Sustainable Production and Consumption: NEW ZEALAND welcomed work on sustainable production and consumption and encouraged market-based incentives. CANADA underscored the need for UNEP to refocus its work towards sustainable consumption strategies. The EU emphasized cleaner production and innovative ways of organizing and fulfilling consumption needs and consumption patterns.

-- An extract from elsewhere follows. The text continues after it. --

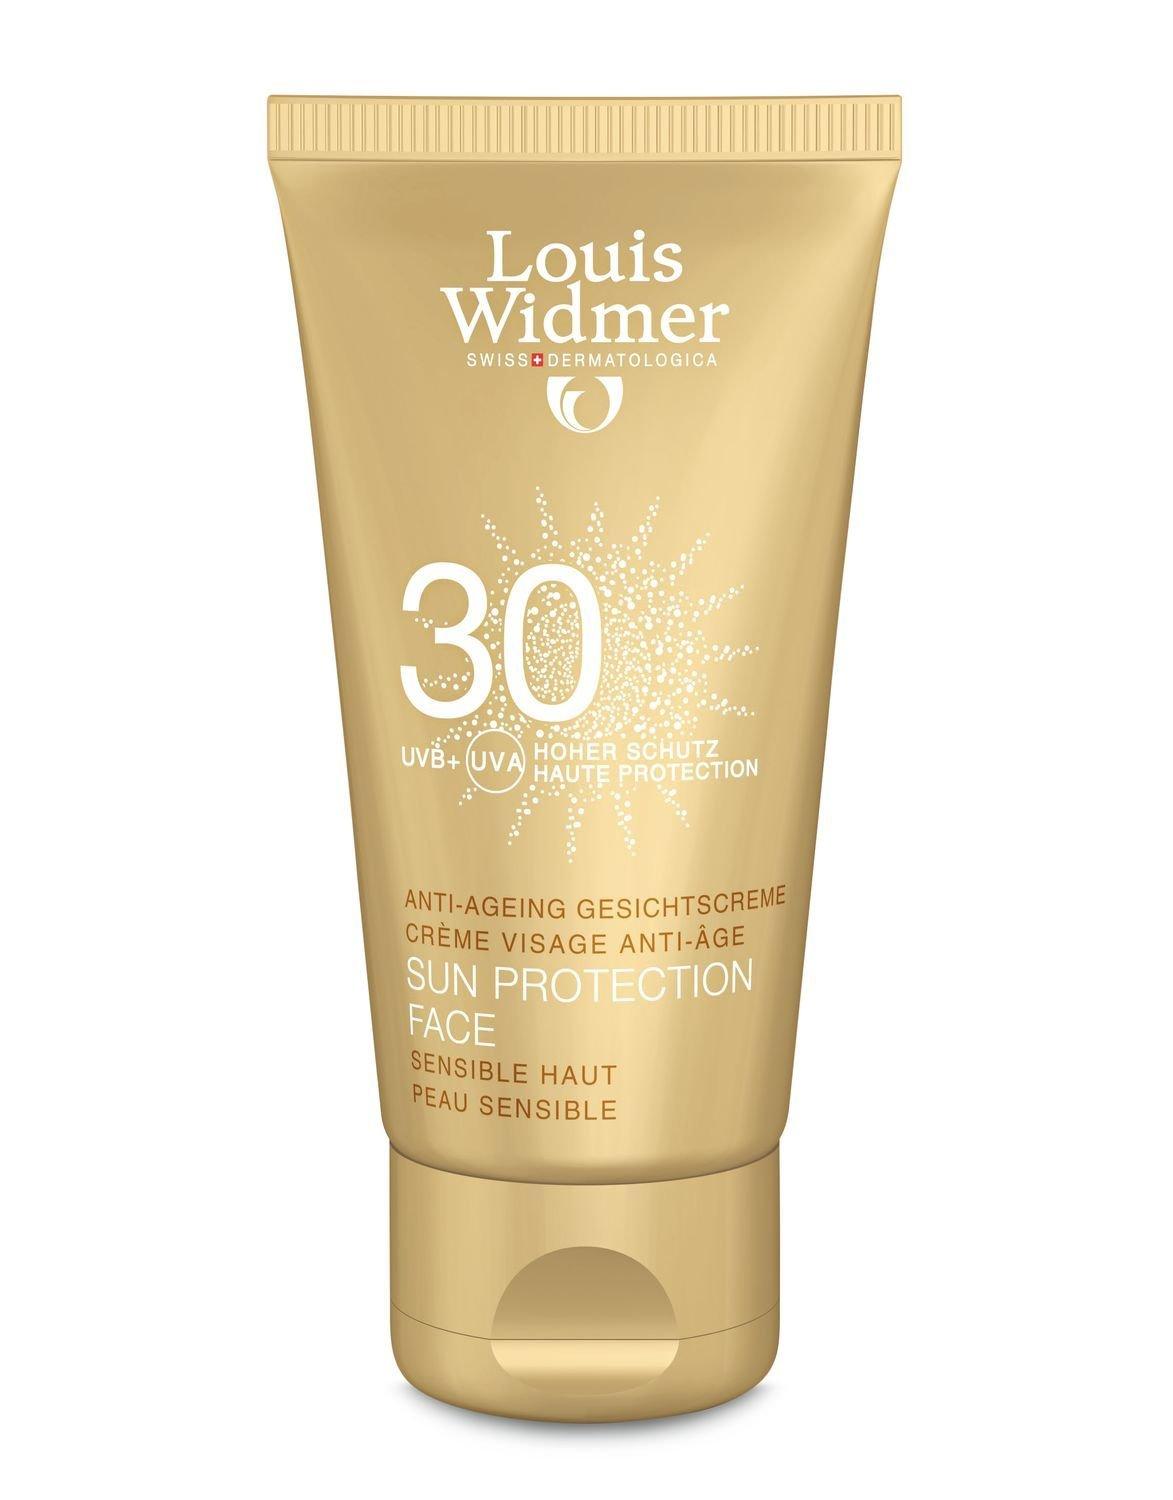 Louis Widmer  Sun Protection Face 30 unparfümiert  
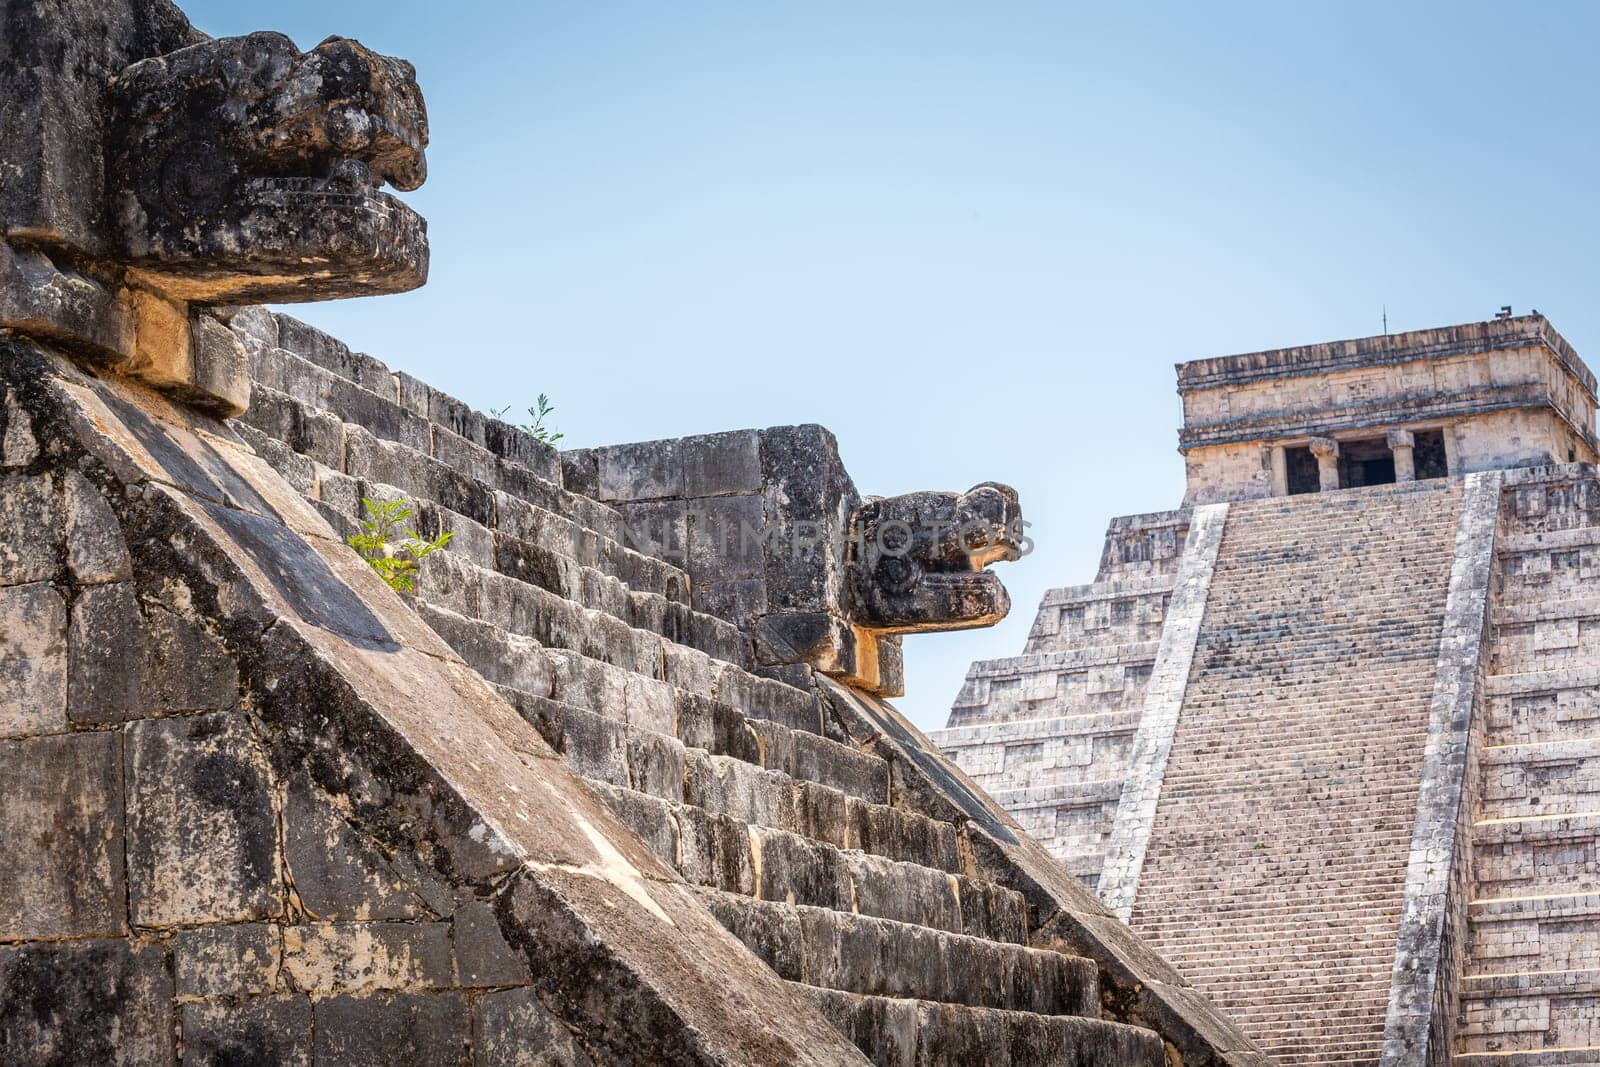 Mayan ancient Chichen Itza Pyramid and Platform at sunrise, Yucatan, Mexico

On all items, the EU called for information on the financial implications of UNEP's work. In response to the Plenary's comments, Jacqueline Aloisi de Larderel, UNEP, took note of appeals for UNEP to play a more active role in sustainable consumption. Jorge Illueca, UNEP, noted that the Regional Seas Programme is a priority for UNEP and that fisheries are an integral component of ecosystems associated with the Programme.

On relationships with other conventions, the US noted UNEP's ability to offer support to environmental conventions, and called for more assistance to help governments build capacity to comply with conventions. On the state of the environment, ISRAEL emphasized scarcity of resources, particularly water, and noted cooperation with Palestinians to preserve the environment.

In the afternoon, the Plenary adopted draft decisions submitted by the negotiating group on the programme for the development and periodic review of environmental law beyond the year 2000 (UNEP/GC.20/L.2/Rev.1) and on issues arising from UNGA resolutions (UNEP/GC.20/L.8/Rev.1).


Many delegates recognize familiarity with the perennial budget question of “who pays and how much?” This year however, some countries are testing the waters with a proposed broadening of the funding base. Other delegates are questioning what this means. Presumably, all will be revealed at the High-Level Segment.


PLENARY: The High-Level Segment will open at 10:00 am with opening remarks from GC President László Miklós, Klaus Töpfer and Republic of Kenya President Daniel Arap Moi. Plenary will discuss the results of the UNGA consideration of the Secretary- General’s report on Environment and Human Settlements, and preparations for CSD-7.

SIDE EVENTS: A Roundtable on Telecommunications will be held from 12:00-2:00 pm in Conference Room 1, and a Panel Discussion on Sustainable Tourism will take place from 4:30-6:30 pm in Conference Room 1.